EXERCISE DETAILS:
Pictures aside, write out the data exactly as it reads.

DATASET EXTRACT:
# # # # #

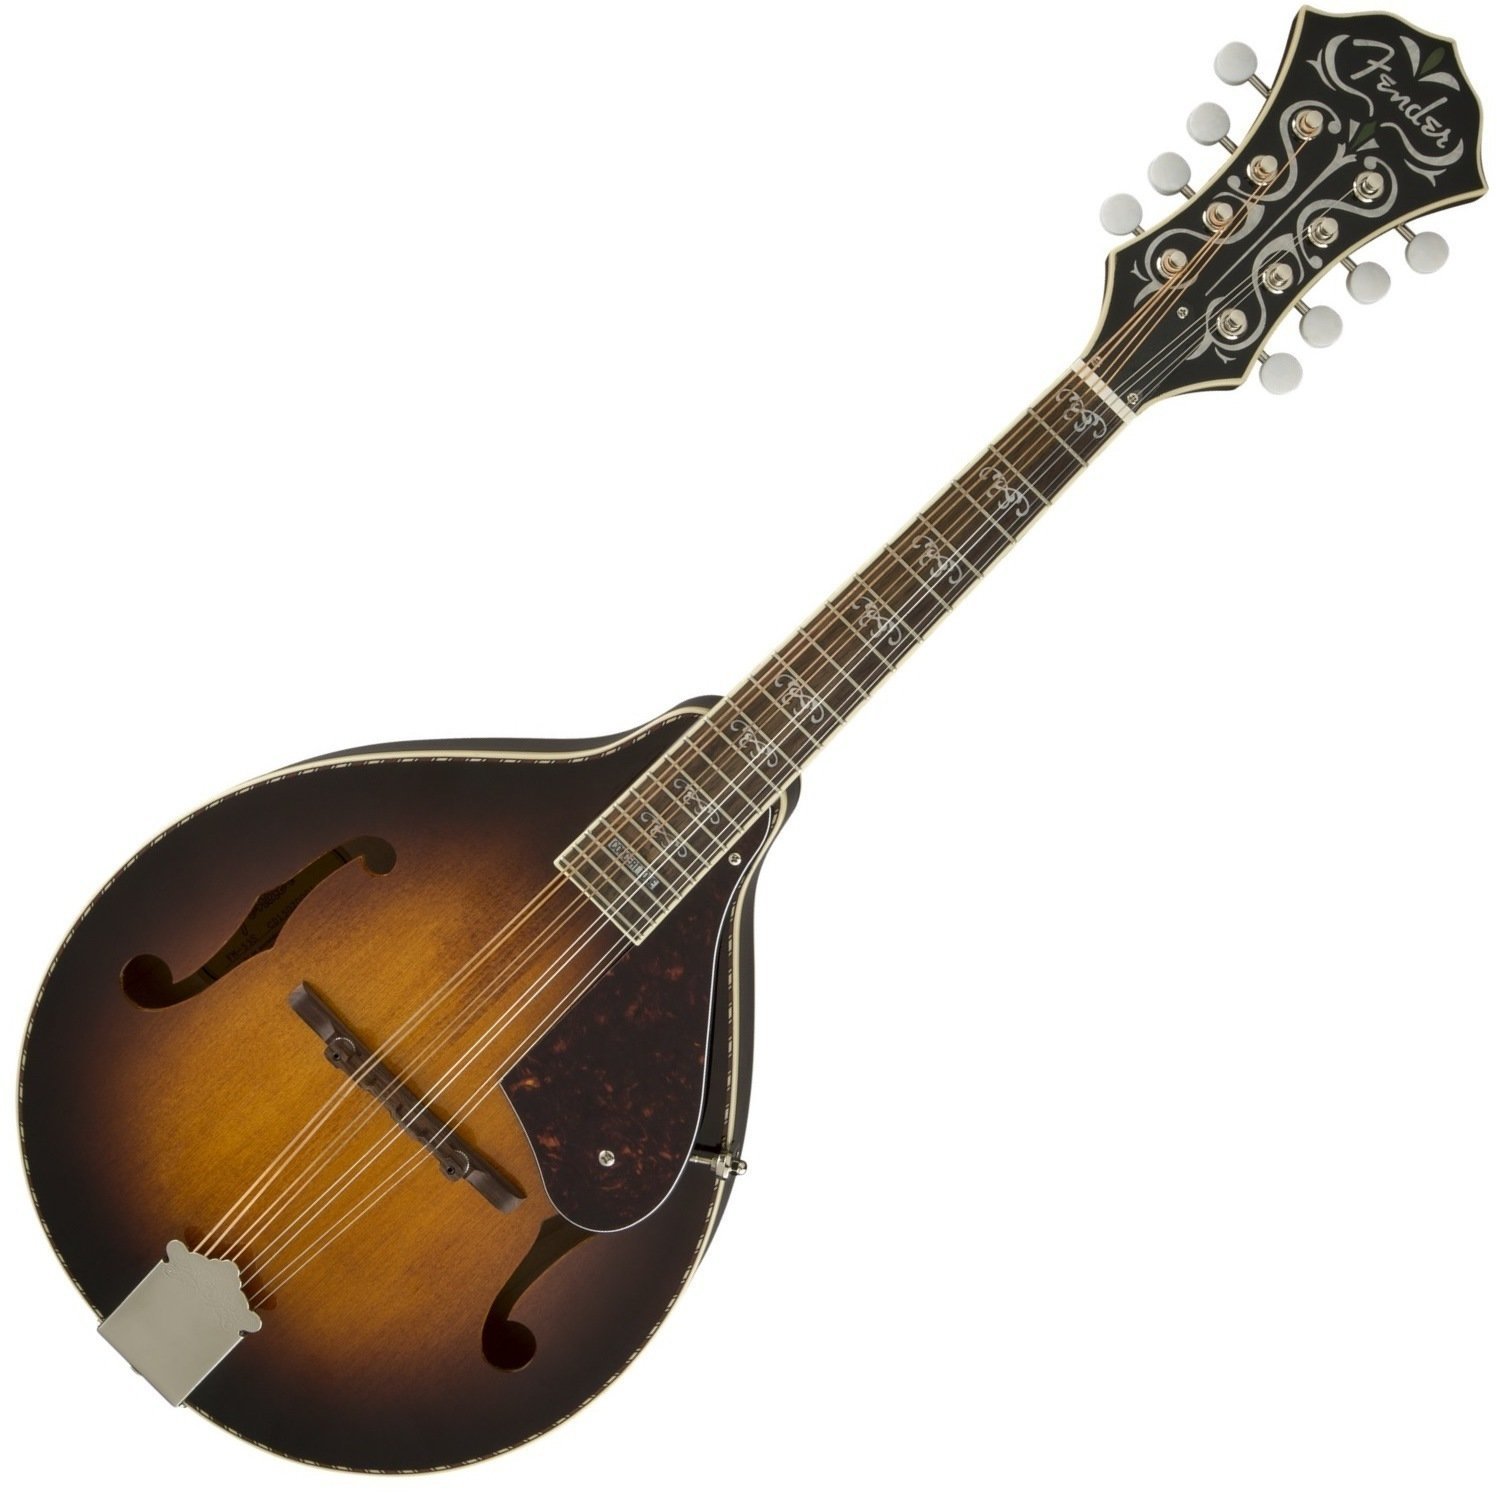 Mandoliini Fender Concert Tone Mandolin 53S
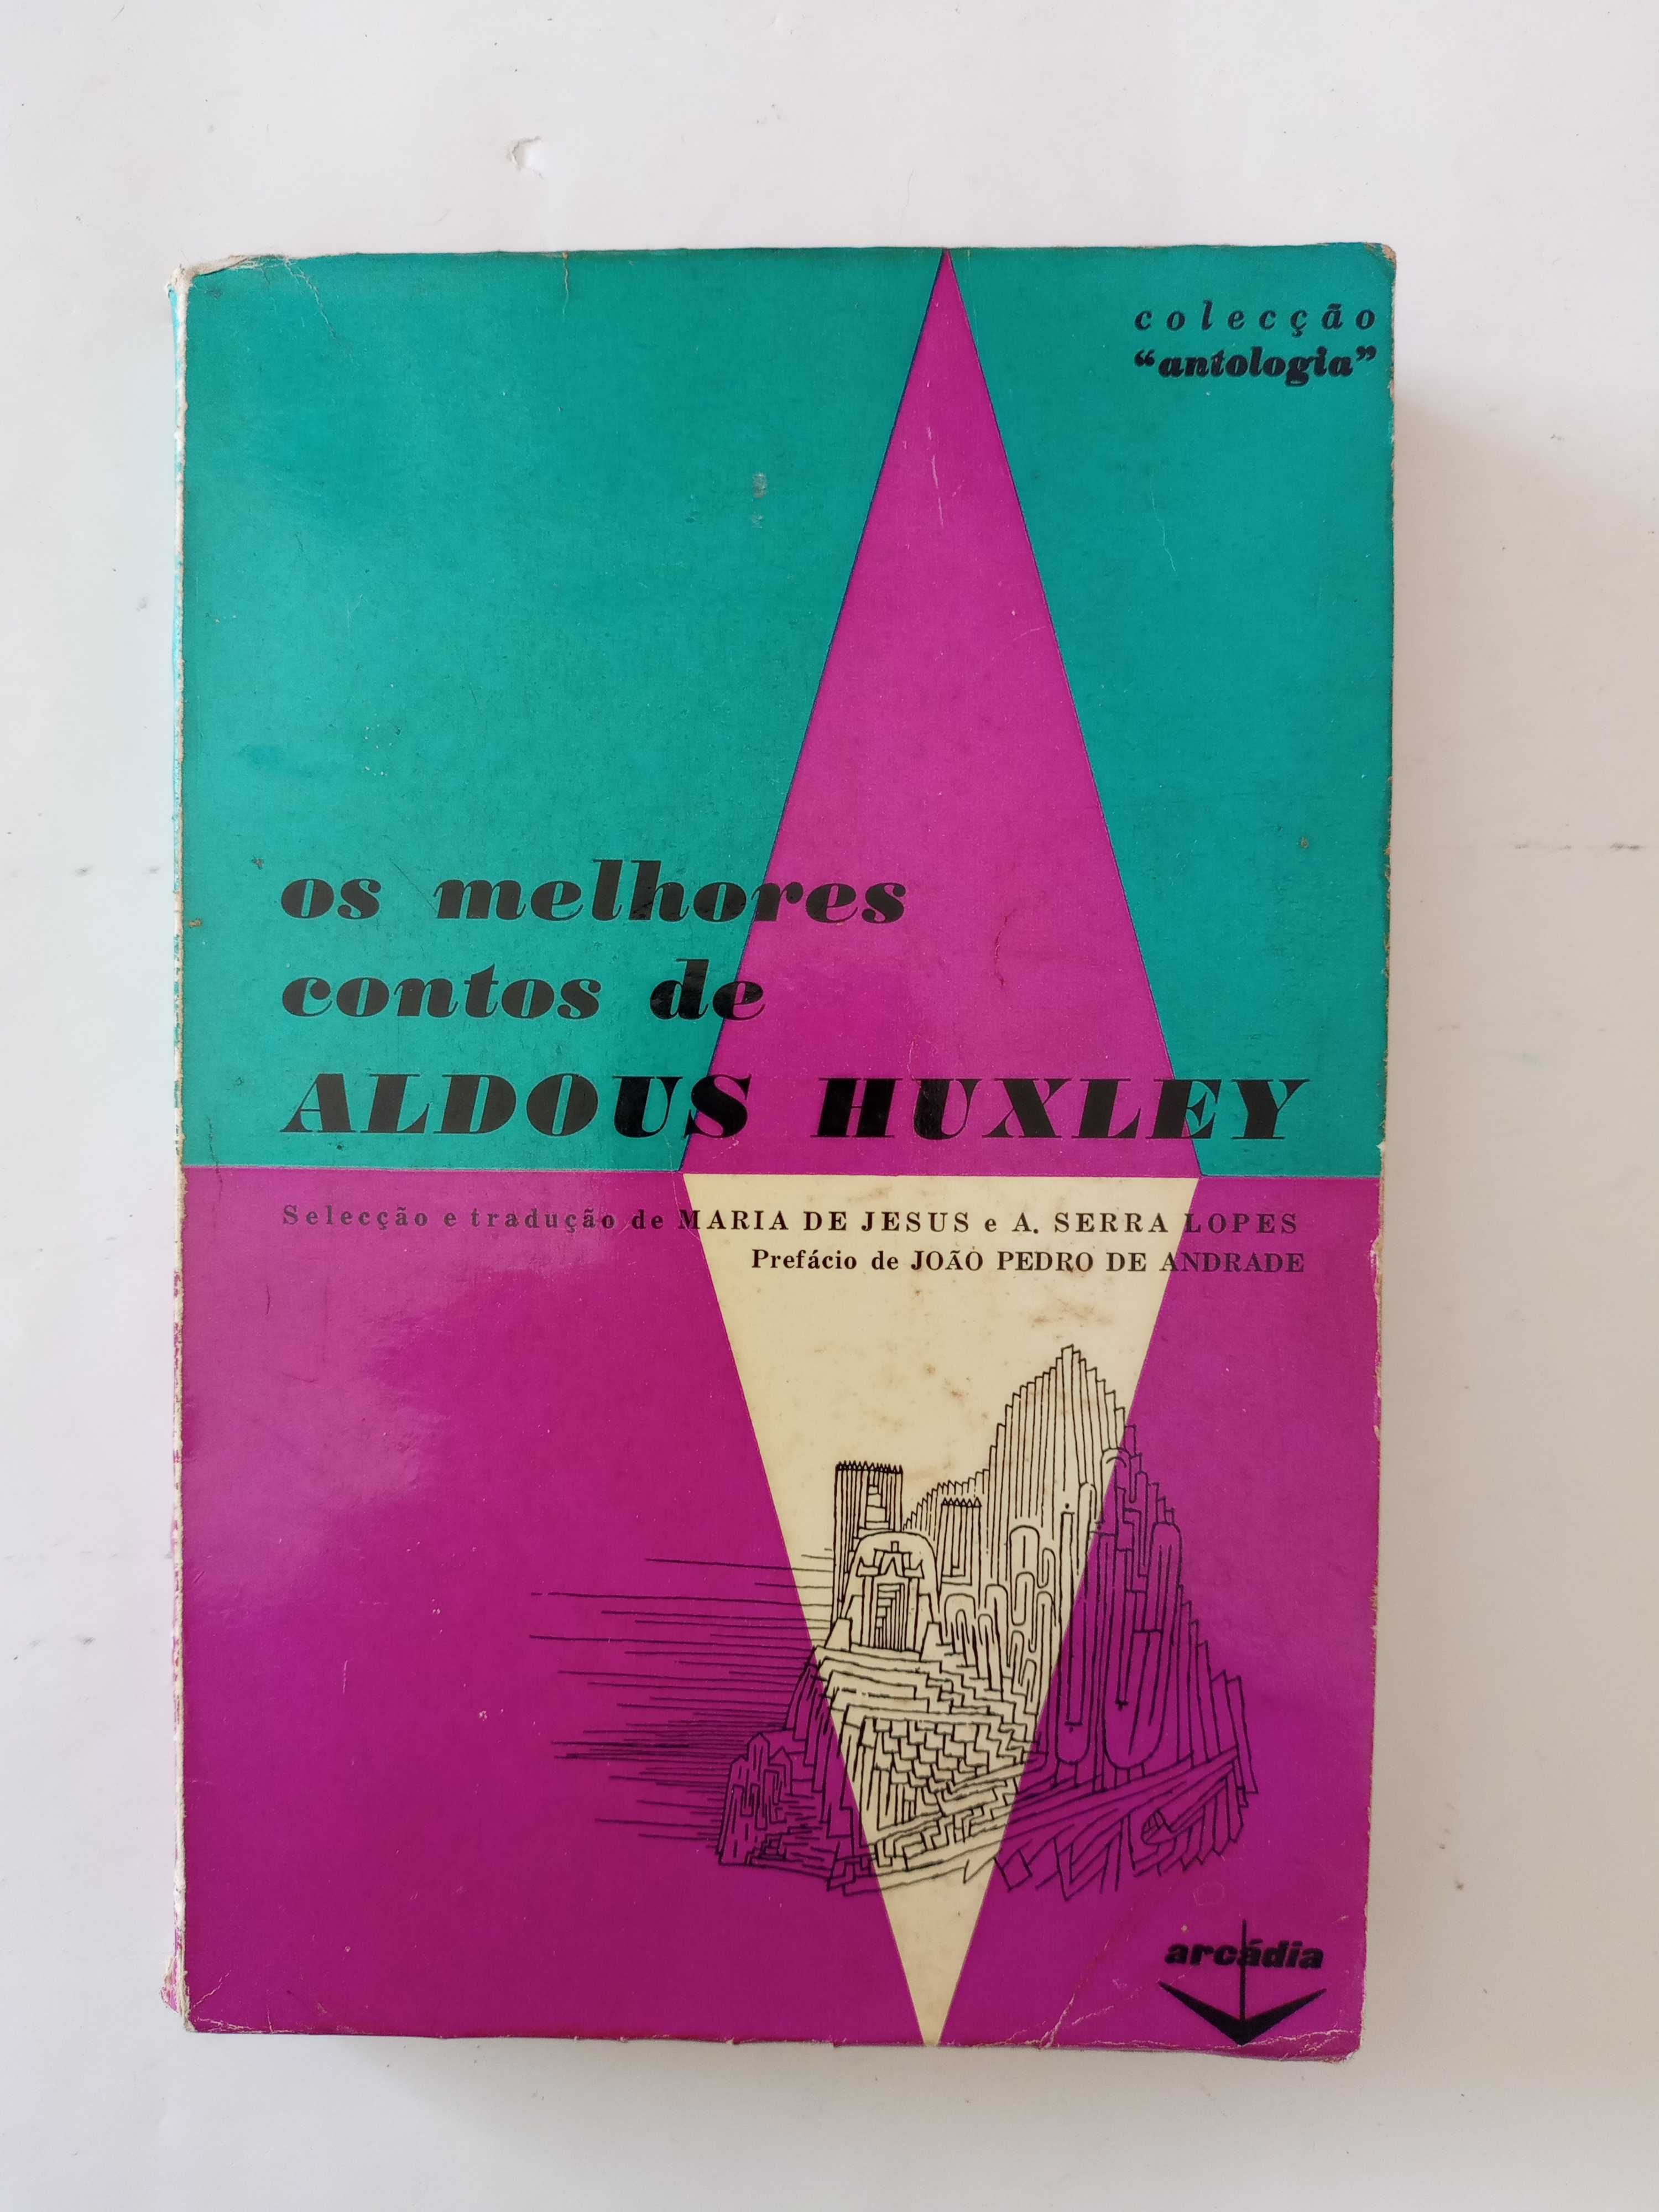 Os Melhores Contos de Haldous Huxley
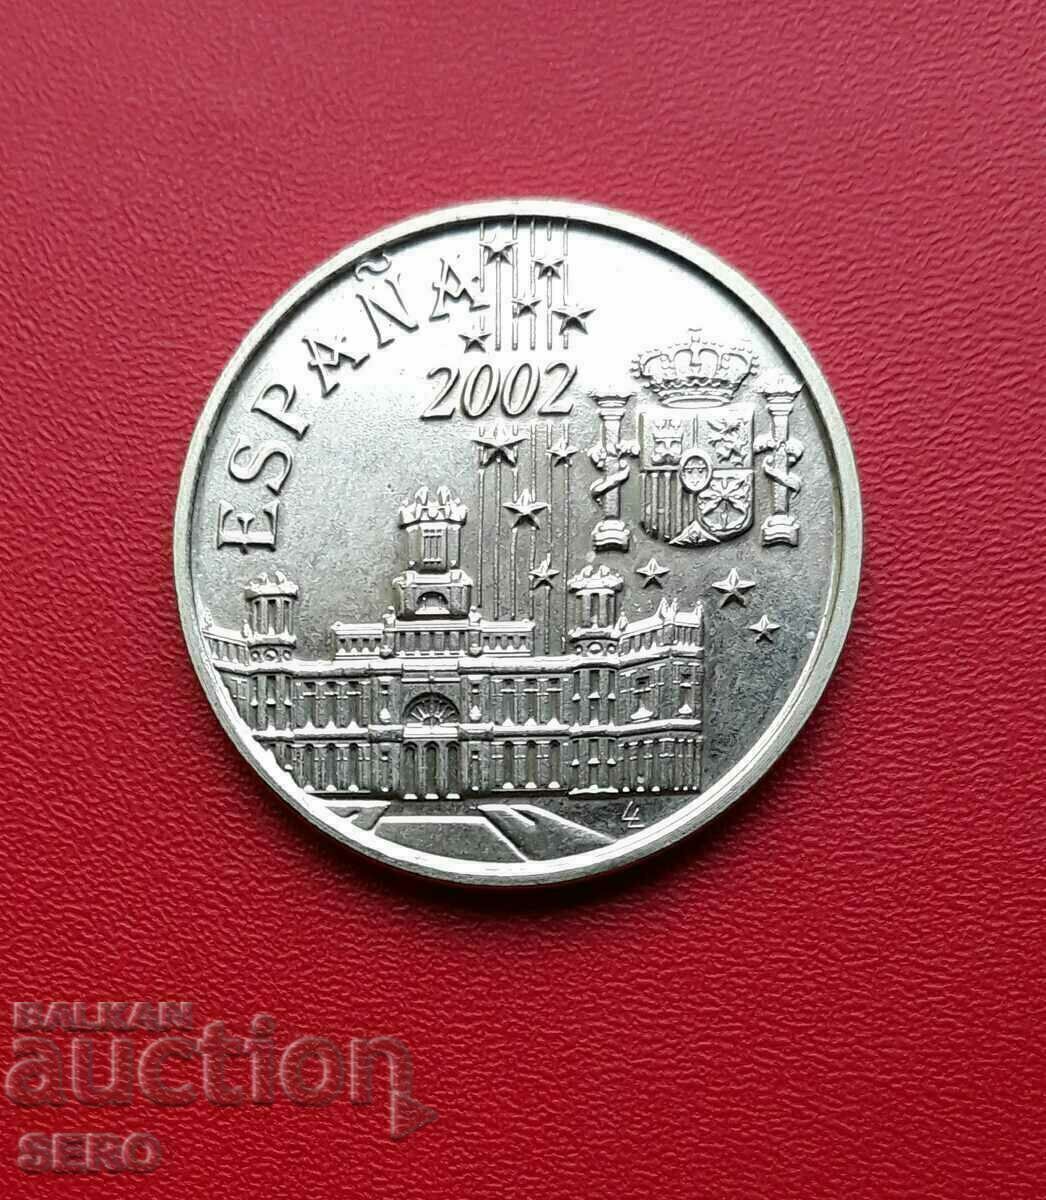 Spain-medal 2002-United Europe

# # # # #

EXERCISE SOLUTION:
 Mandoliini Fender Concert Tone Mandolin 53S
 Os Melhores Contos de Haldous Huxley
 Spain-medal 2002-United Europe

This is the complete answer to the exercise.